▶ [TASK DESCRIPTION]: Retype the whole listing exactly. Leave out pictures.

▶ [SUPPLIED MATERIAL]:
═══
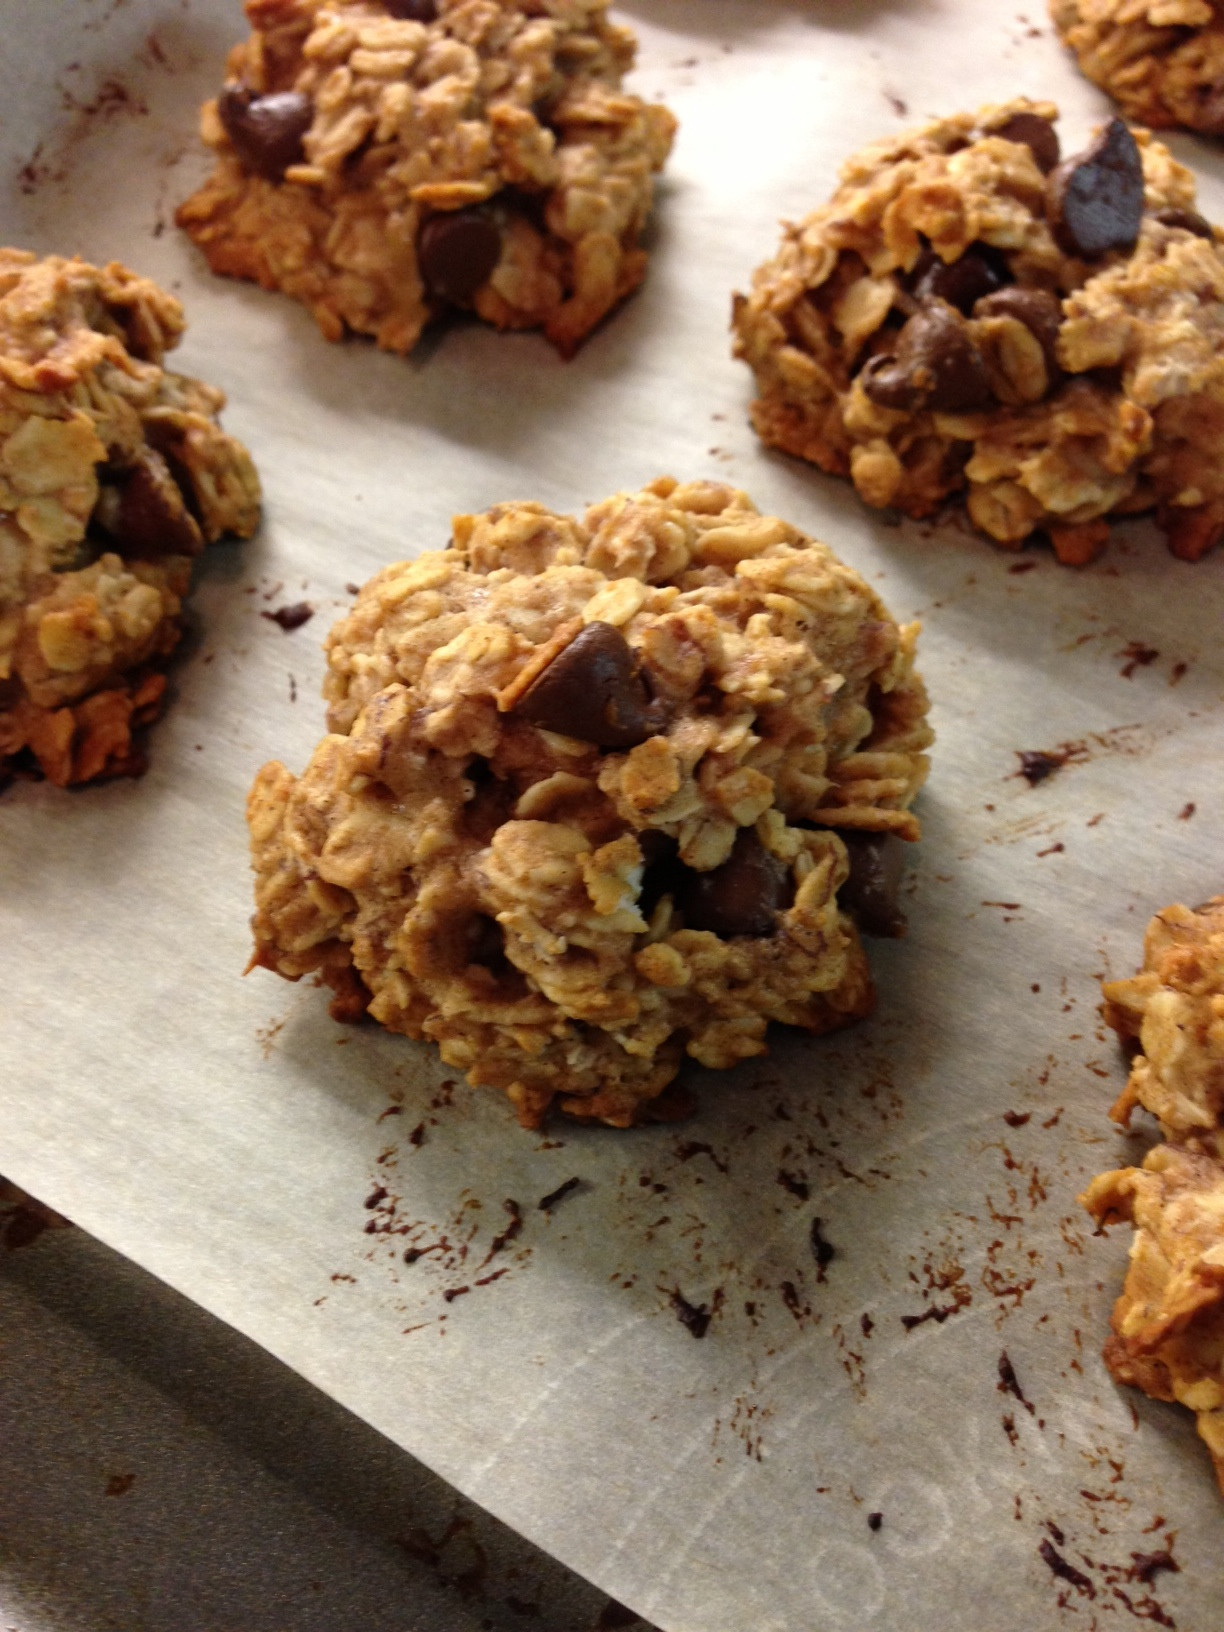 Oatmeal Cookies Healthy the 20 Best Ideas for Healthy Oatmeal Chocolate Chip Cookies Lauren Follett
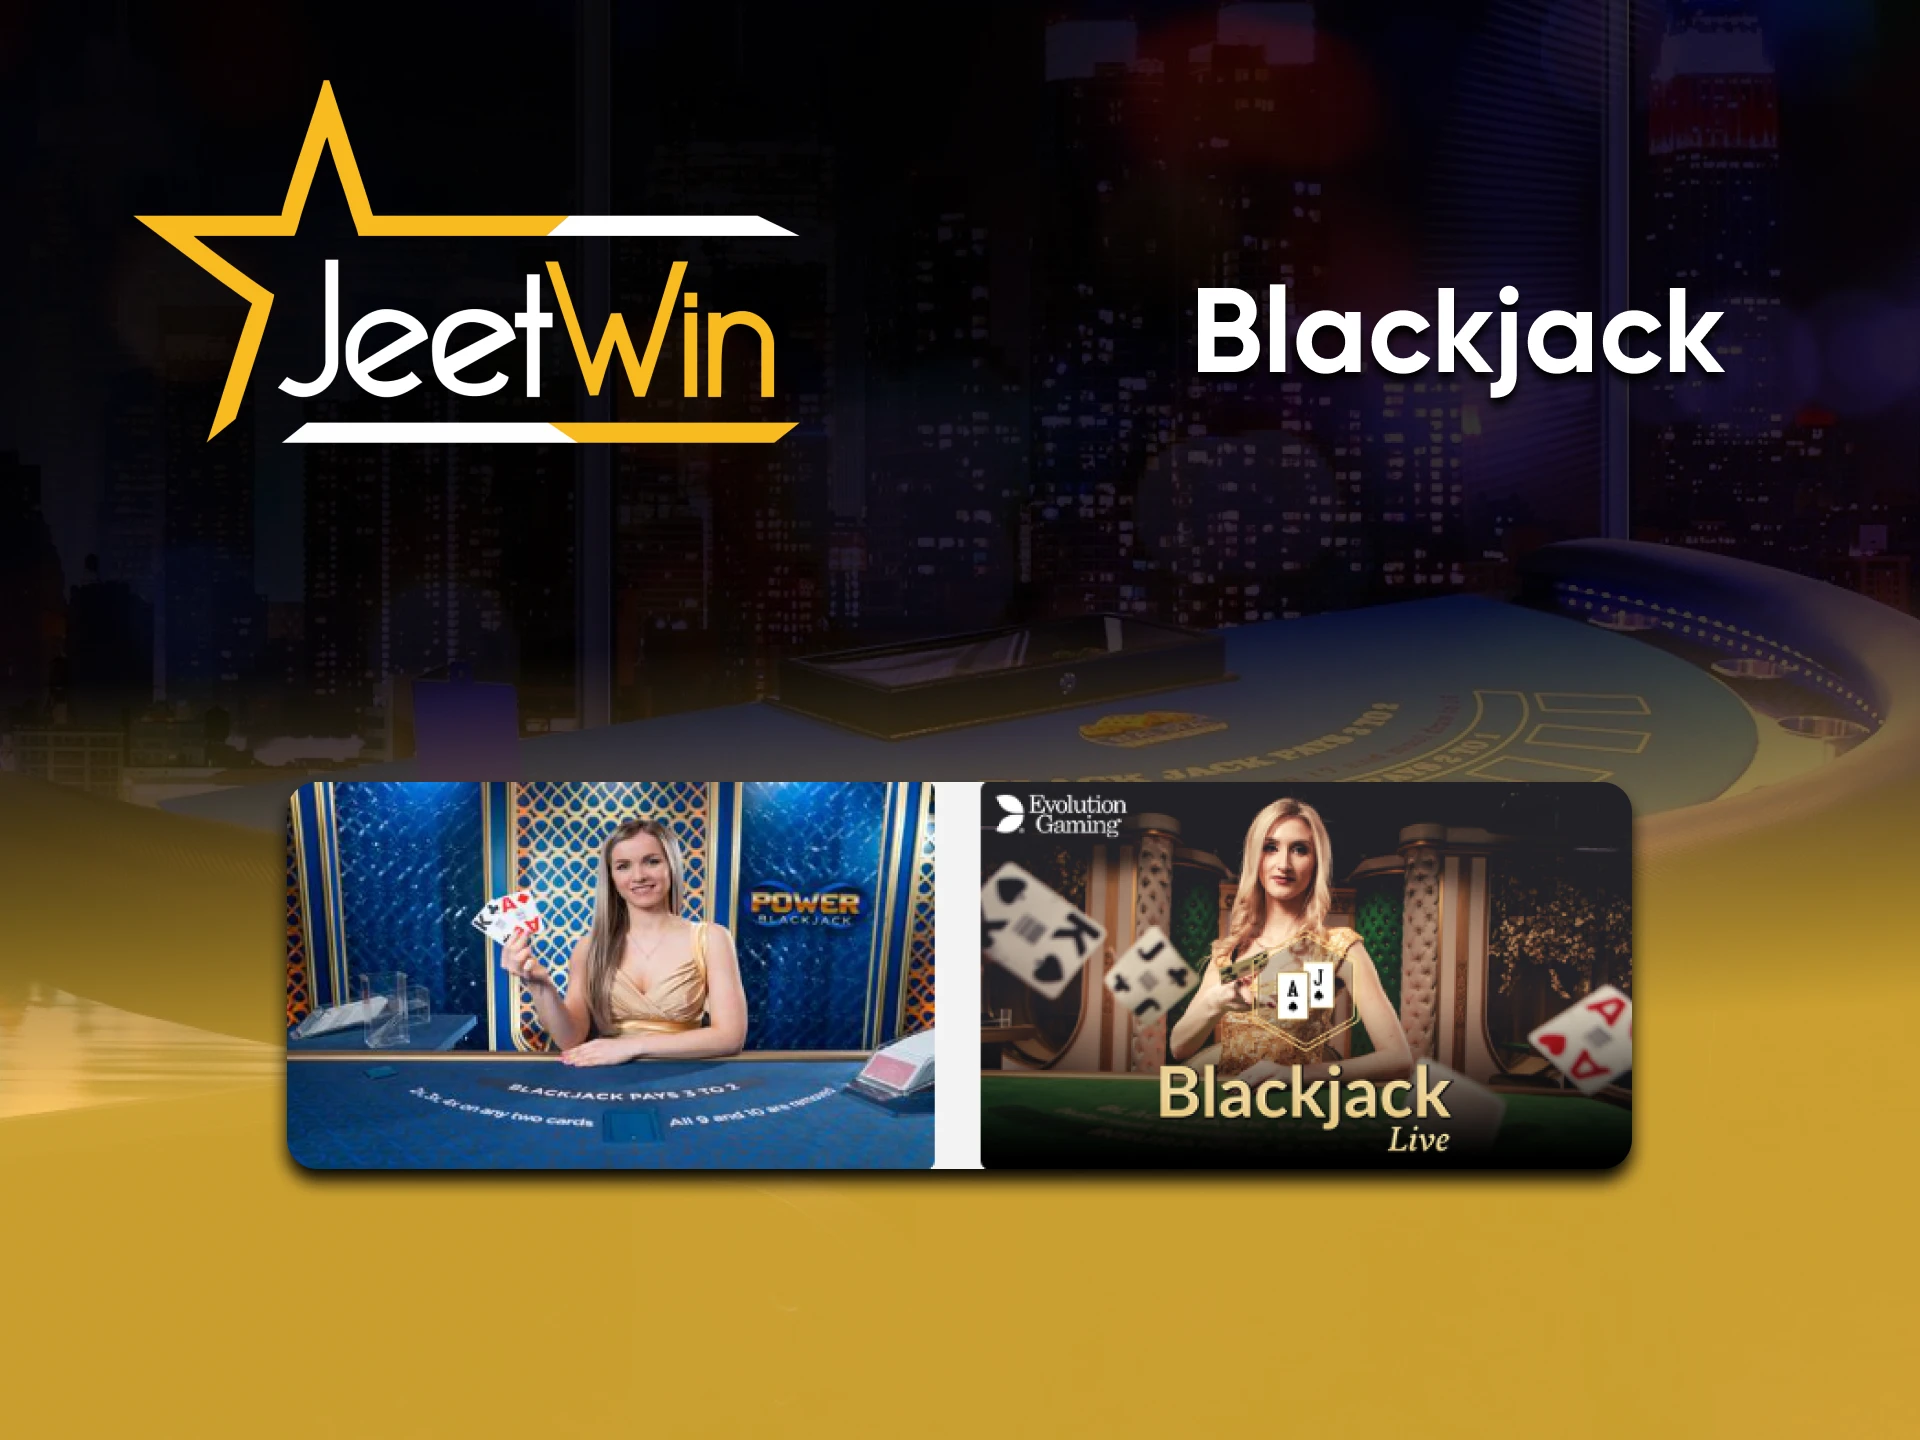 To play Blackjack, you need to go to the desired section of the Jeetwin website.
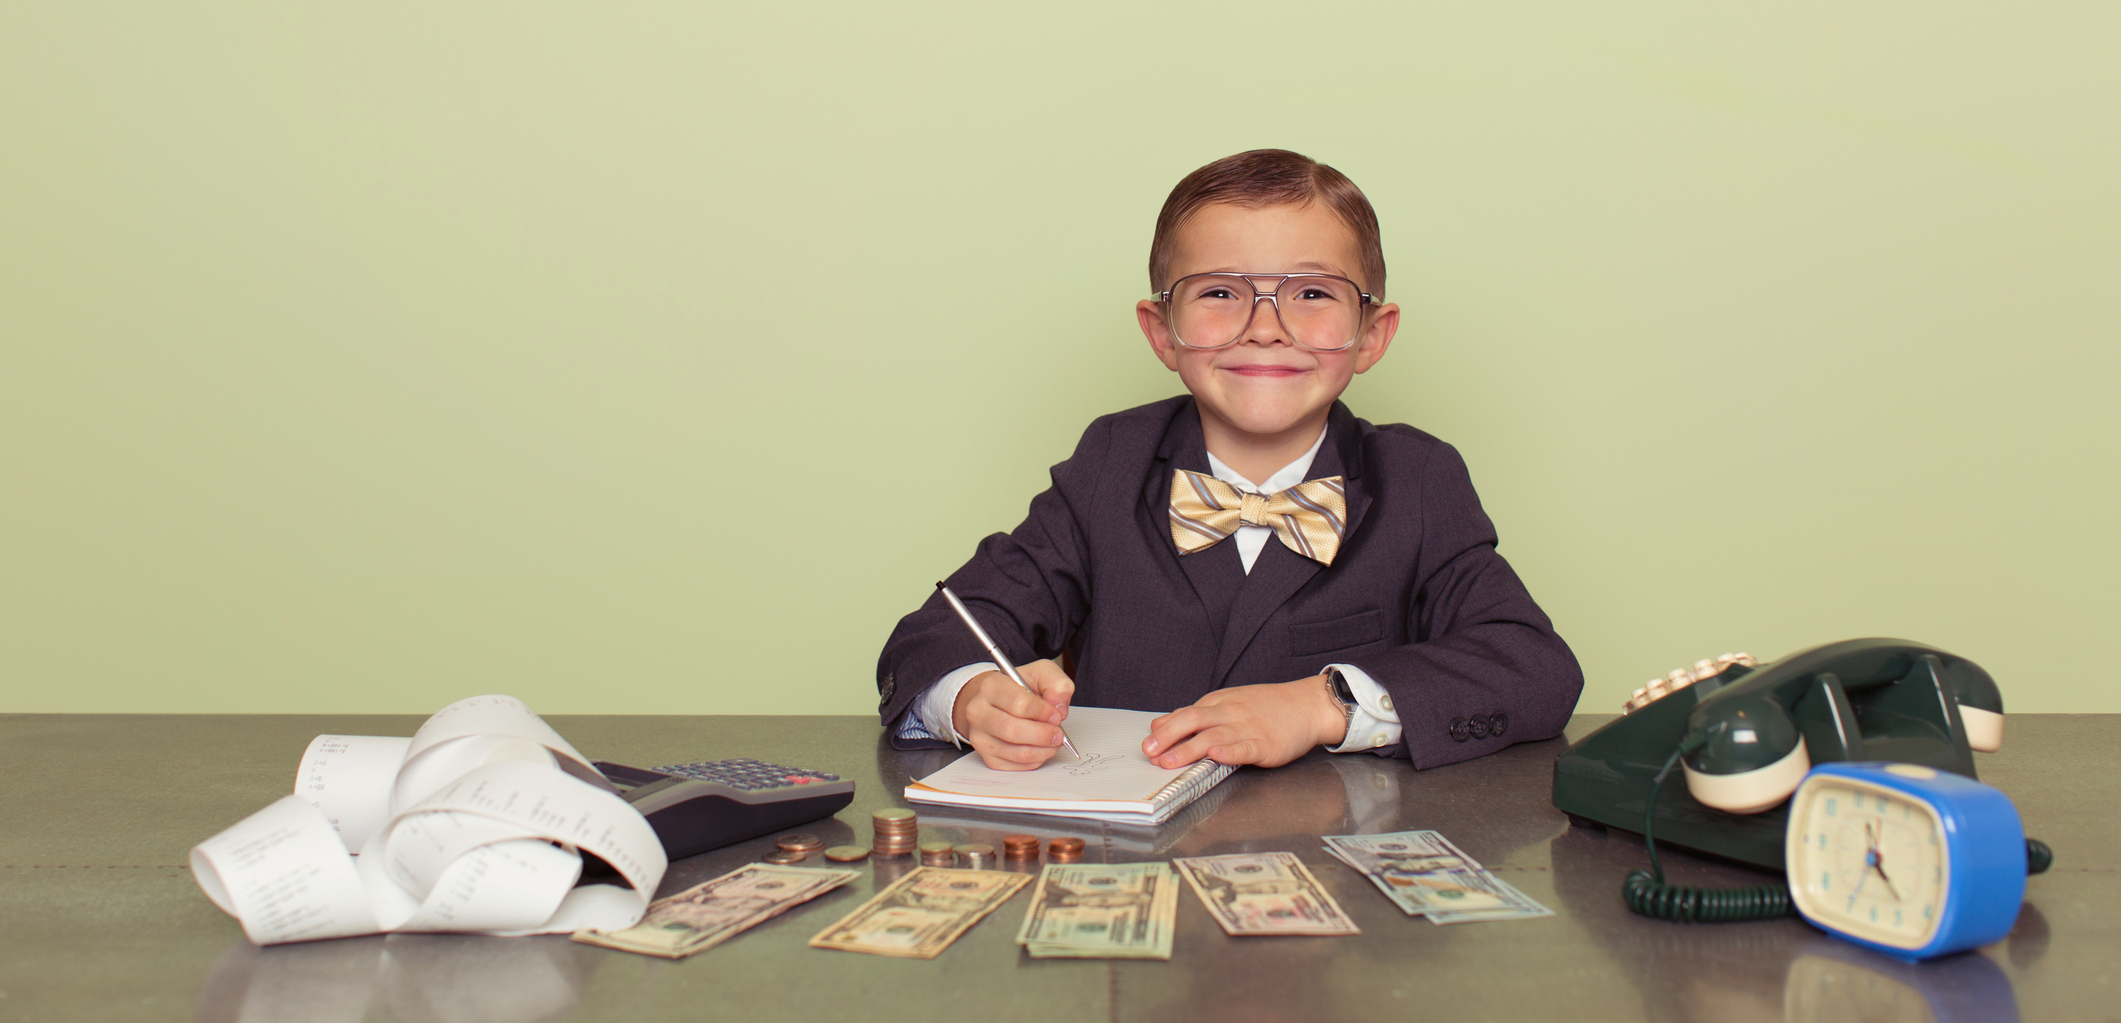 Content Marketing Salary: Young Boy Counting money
═══
▶ [TASK RESPONSE]:
 Oatmeal Cookies Healthy the 20 Best Ideas for Healthy Oatmeal Chocolate Chip Cookies Lauren Follett
 To play Blackjack, you need to go to the desired section of the Jeetwin website.
 Content Marketing Salary: Young Boy Counting money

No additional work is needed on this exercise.